Kepala Seksi Perlindungan Jemaah (Linjam) Daker Madinah, Ali Nurohim, menyampaikan bahwa seluruh personel telah disiagakan di berbagai titik layanan strategis.

ADVERTISEMENT

SCROLL TO RESUME CONTENT

“Total ada 60 personel Linjam yang kami tempatkan di Kantor Daker, sektor-sektor, dan Seksus,” ujarnya di Madinah, Selasa (21/4).

Ia menjelaskan, petugas yang ditempatkan di sektor akan fokus memberikan perlindungan langsung kepada jemaah di hotel-hotel pemondokan.

Kehadiran mereka diharapkan mampu memberikan rasa aman dan ketenangan bagi jemaah selama menjalankan ibadah.

“Tujuan utama kami adalah memastikan jemaah merasa tenang dan yakin bahwa mereka dilindungi selama beribadah,” jelasnya.

Selain menjaga aspek keamanan, Linjam juga menangani berbagai permasalahan teknis yang kerap dihadapi jemaah, seperti koper tertukar atau hilang. Petugas akan membantu proses pencarian hingga pengembalian barang milik jemaah.

“Termasuk jika ada koper yang tertukar, Linjam akan membantu mencarikan dan menyelesaikan,” tambahnya.

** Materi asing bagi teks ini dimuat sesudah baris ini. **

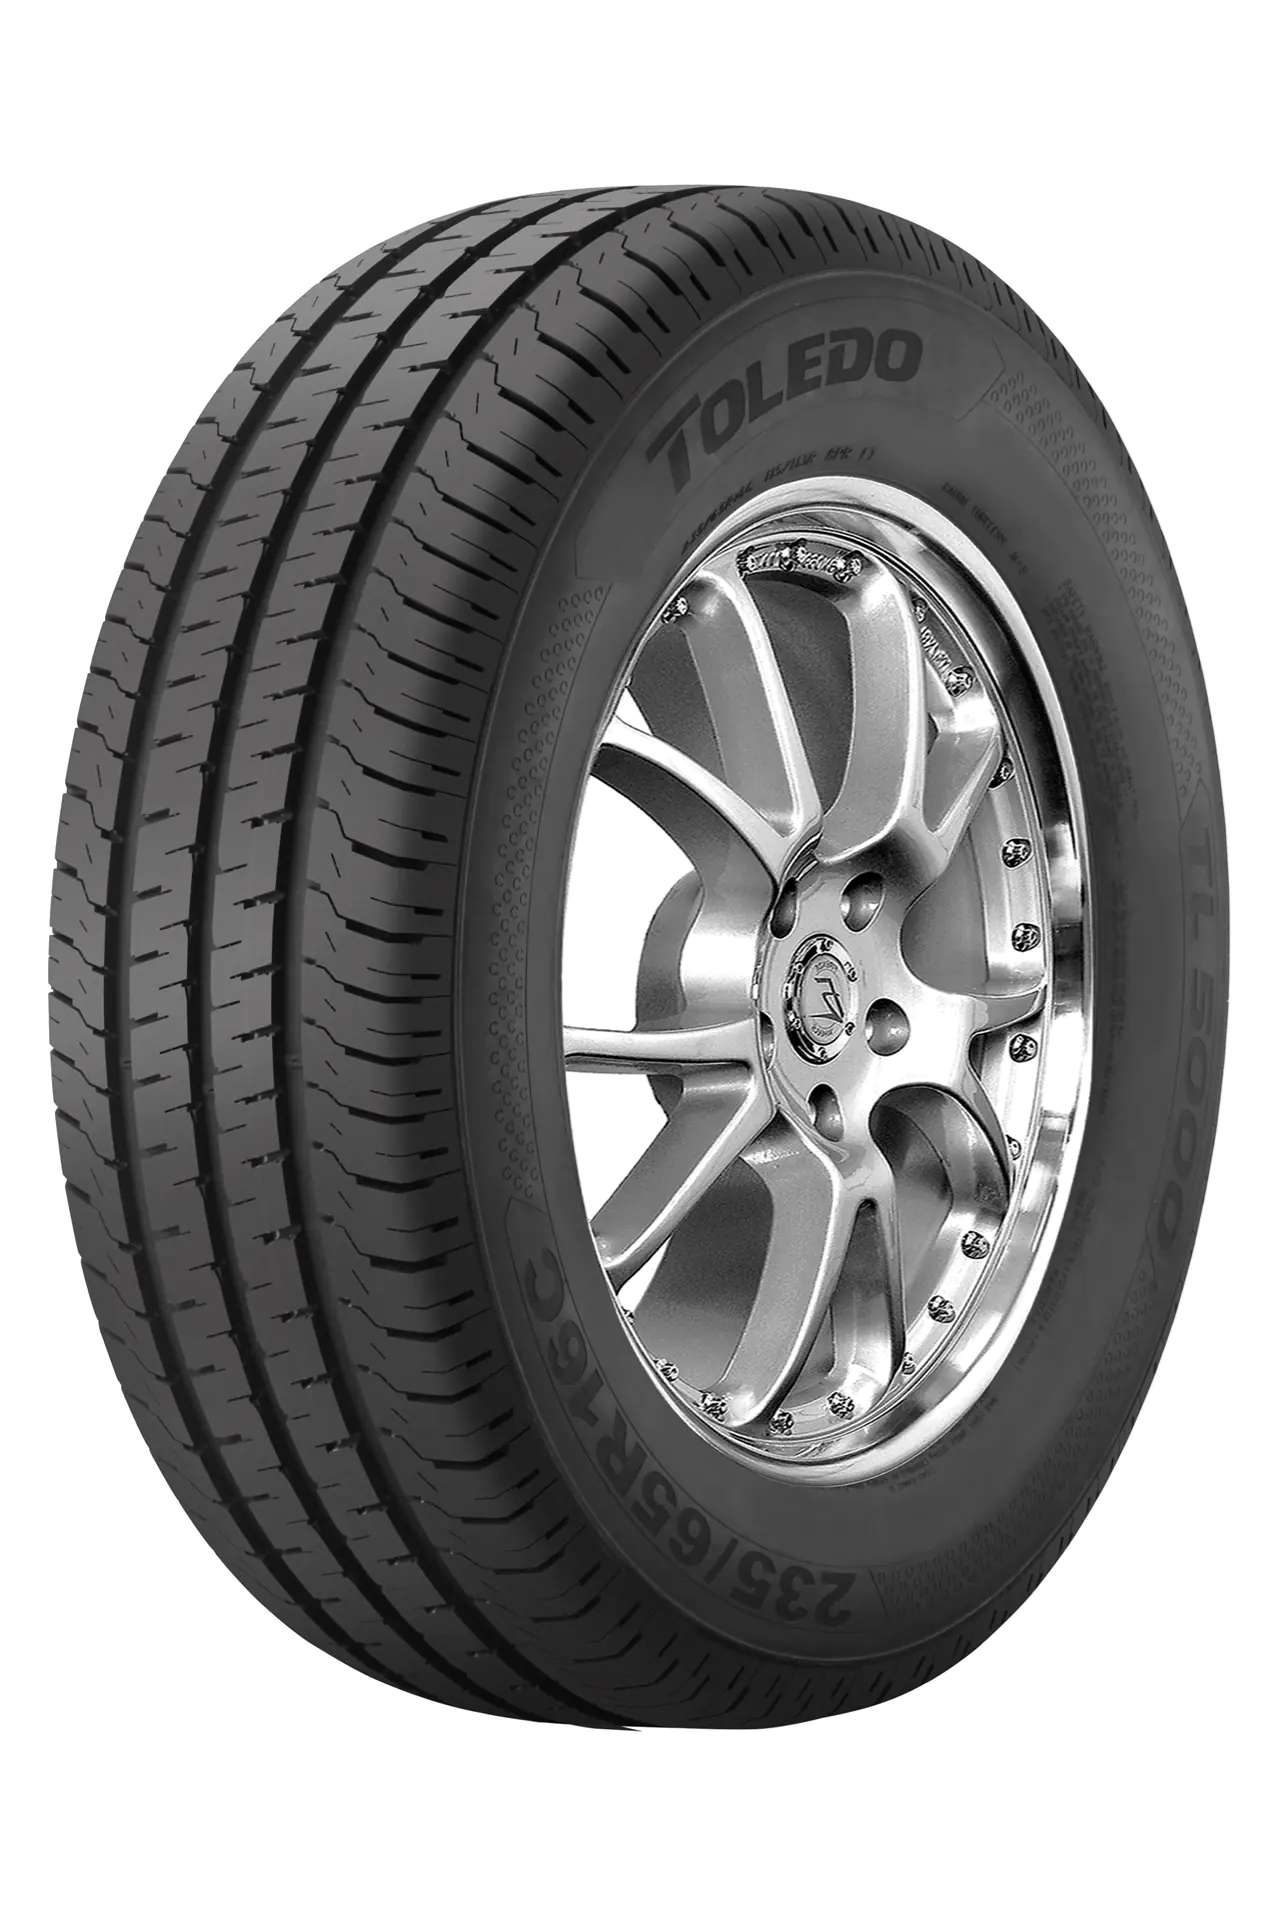 Toledo Toledo 195/75 R16C 107R TL5000 pneumatici nuovi Estivo 
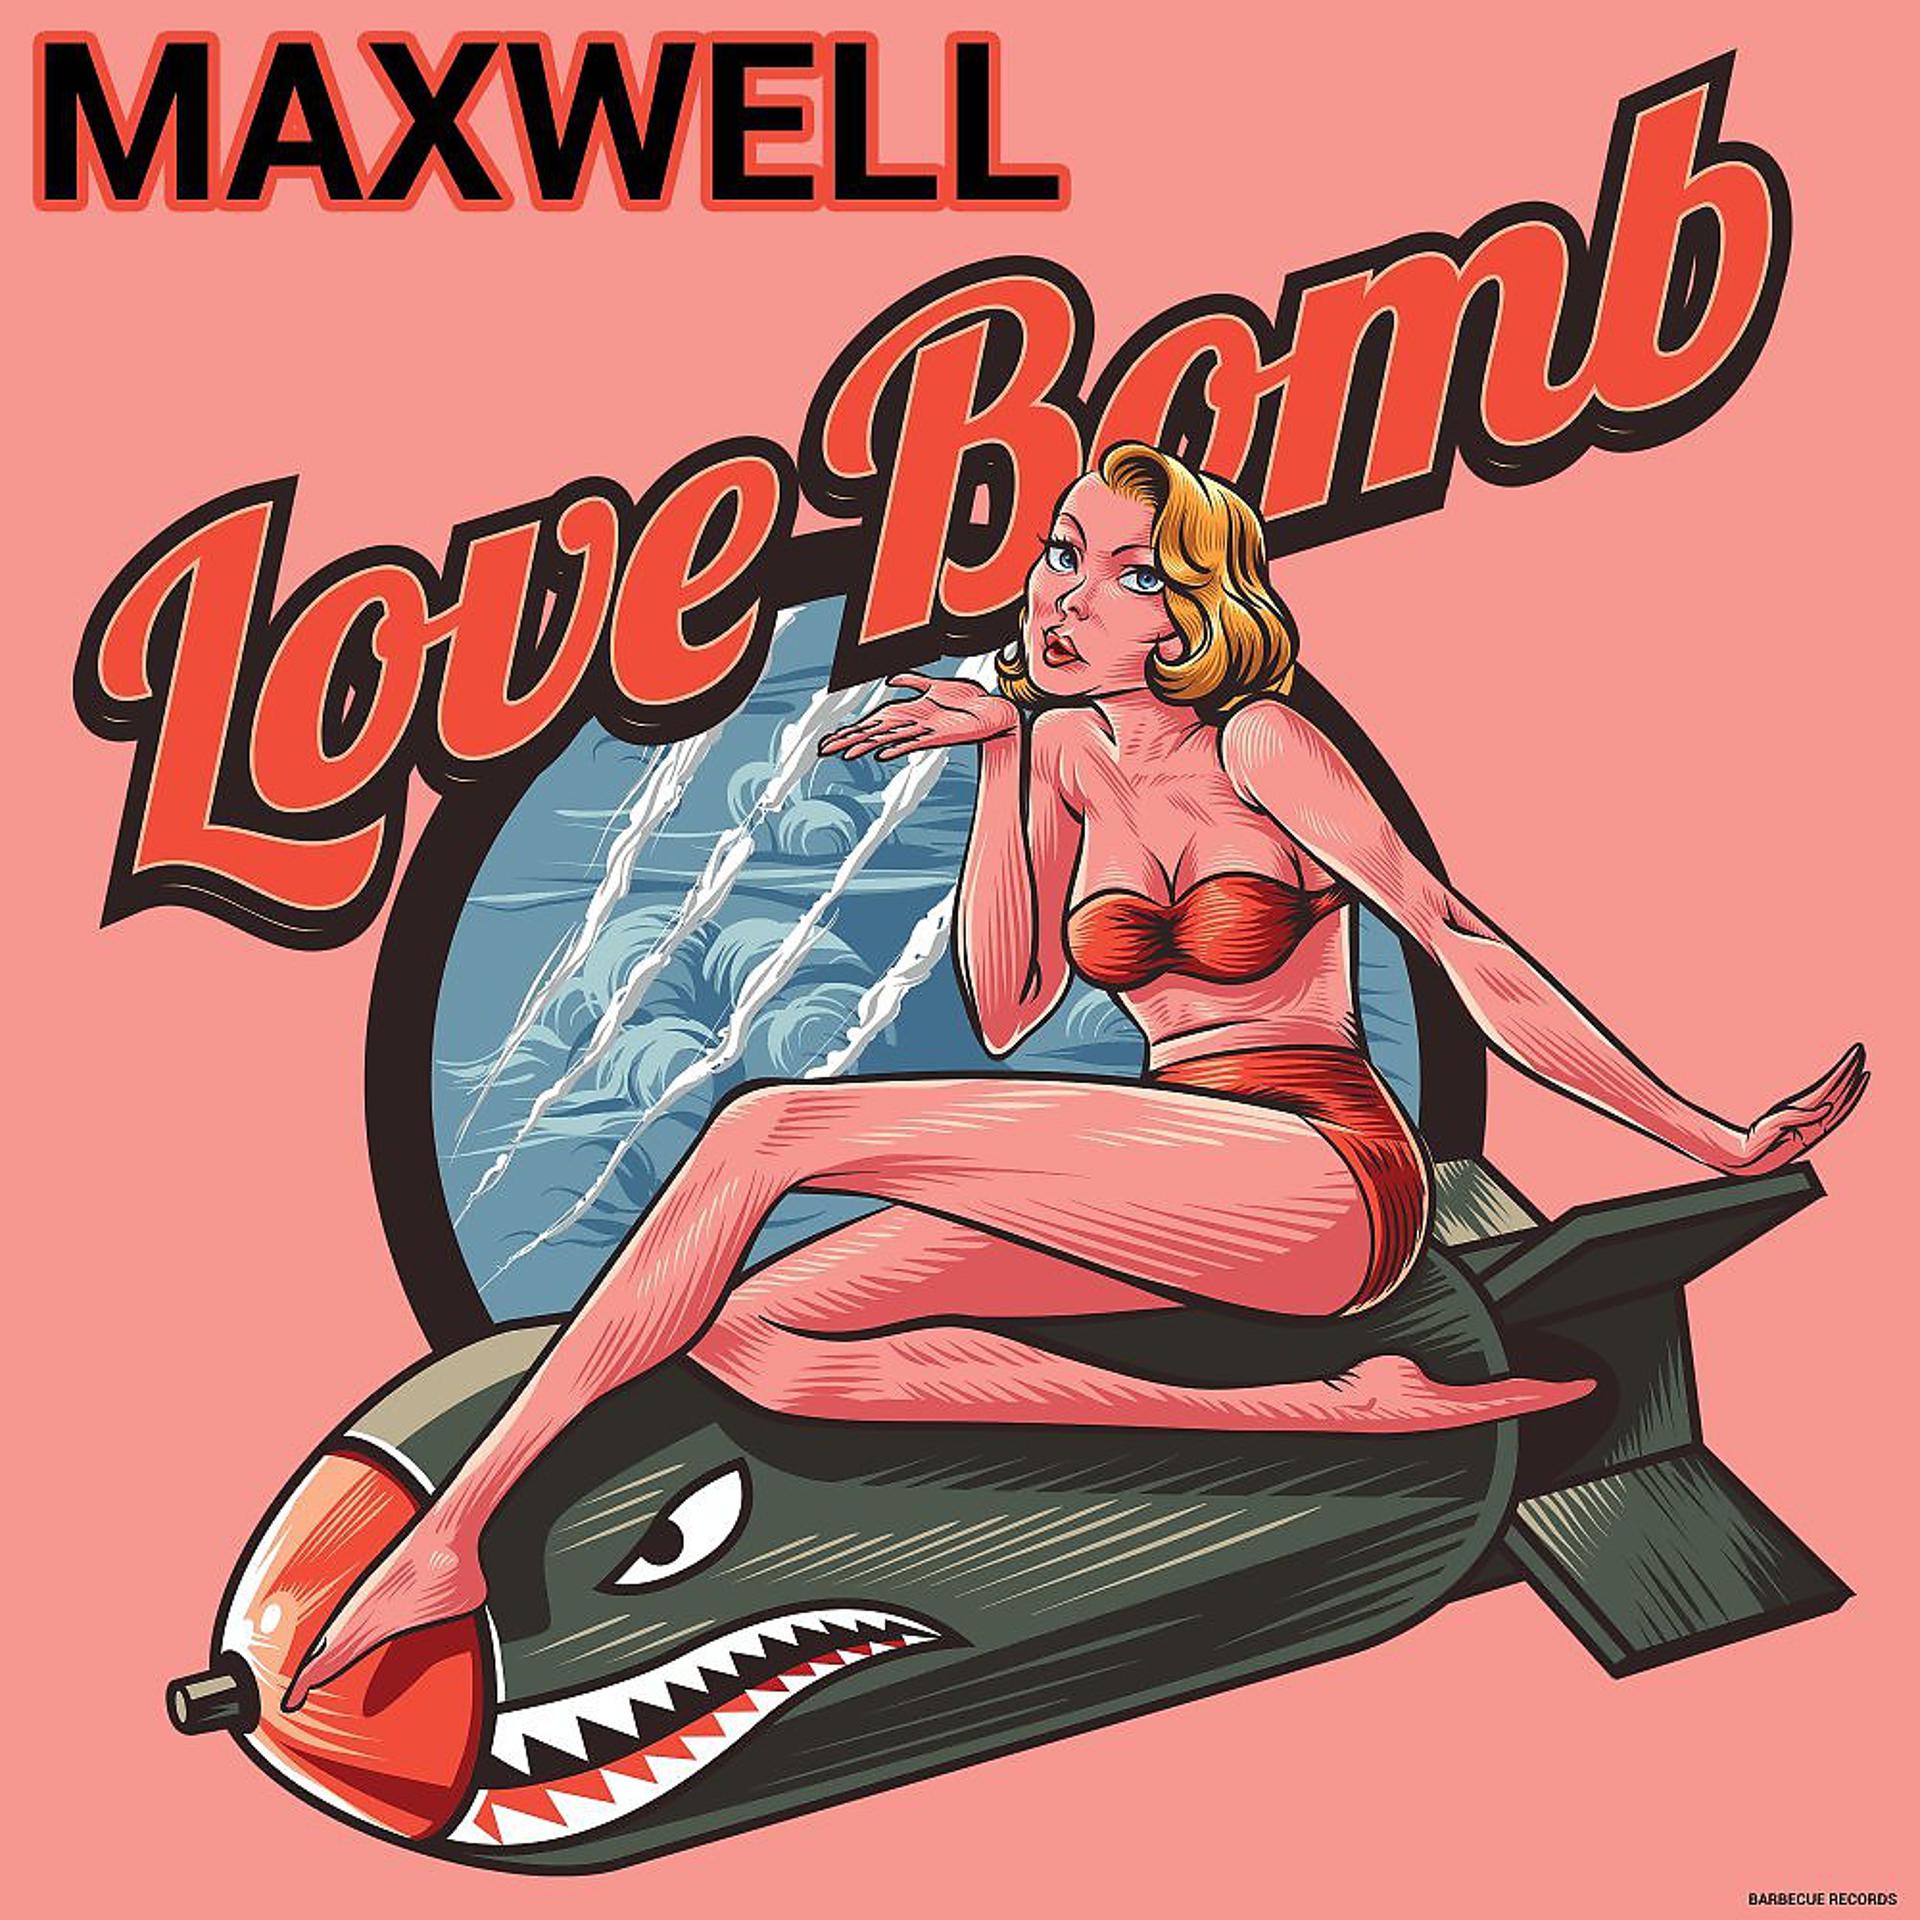 Постер альбома Love Bomb

Perlindungan juga diberikan dalam mobilitas jemaah, khususnya saat perjalanan dari hotel menuju Masjid Nabawi. Pengamanan dilakukan untuk memastikan jemaah dapat berangkat dan kembali dengan aman tanpa kendala.

Dari total 60 personel, masing-masing sektor ditempatkan tiga petugas Linjam. Sementara itu, di Seksus terdapat 32 personel yang dibagi ke dalam lima pos pengamanan di area Masjid Nabawi.

Adapun lima pos Linjam tersebar di titik-titik strategis, yakni Pintu 336 (Pos 1), Pintu 328 (Pos 2), Pintu 310 (Pos 3), Pintu 360 (Pos 4), serta area Raudhah (Pos 5). Seluruh pos tersebut beroperasi selama 24 jam penuh.

“Di Masjid Nabawi terdapat lima pos Linjam yang siaga 24 jam penuh untuk melayani dan melindungi jemaah,” ungkapnya.

Ali juga mengimbau jemaah agar tidak bepergian sendirian saat menuju masjid, melainkan menggunakan sistem berpasangan atau rombongan kecil (buddy system) guna menghindari terpisah dari rombongan.

Selain itu, ia menekankan pentingnya menjaga identitas jemaah, khususnya kartu Nusuk, agar selalu dibawa dan tidak tertinggal.

“Jangan sampai kartu Nusuk hilang atau tertinggal, karena itu penting untuk kelancaran ibadah,” tegasnya.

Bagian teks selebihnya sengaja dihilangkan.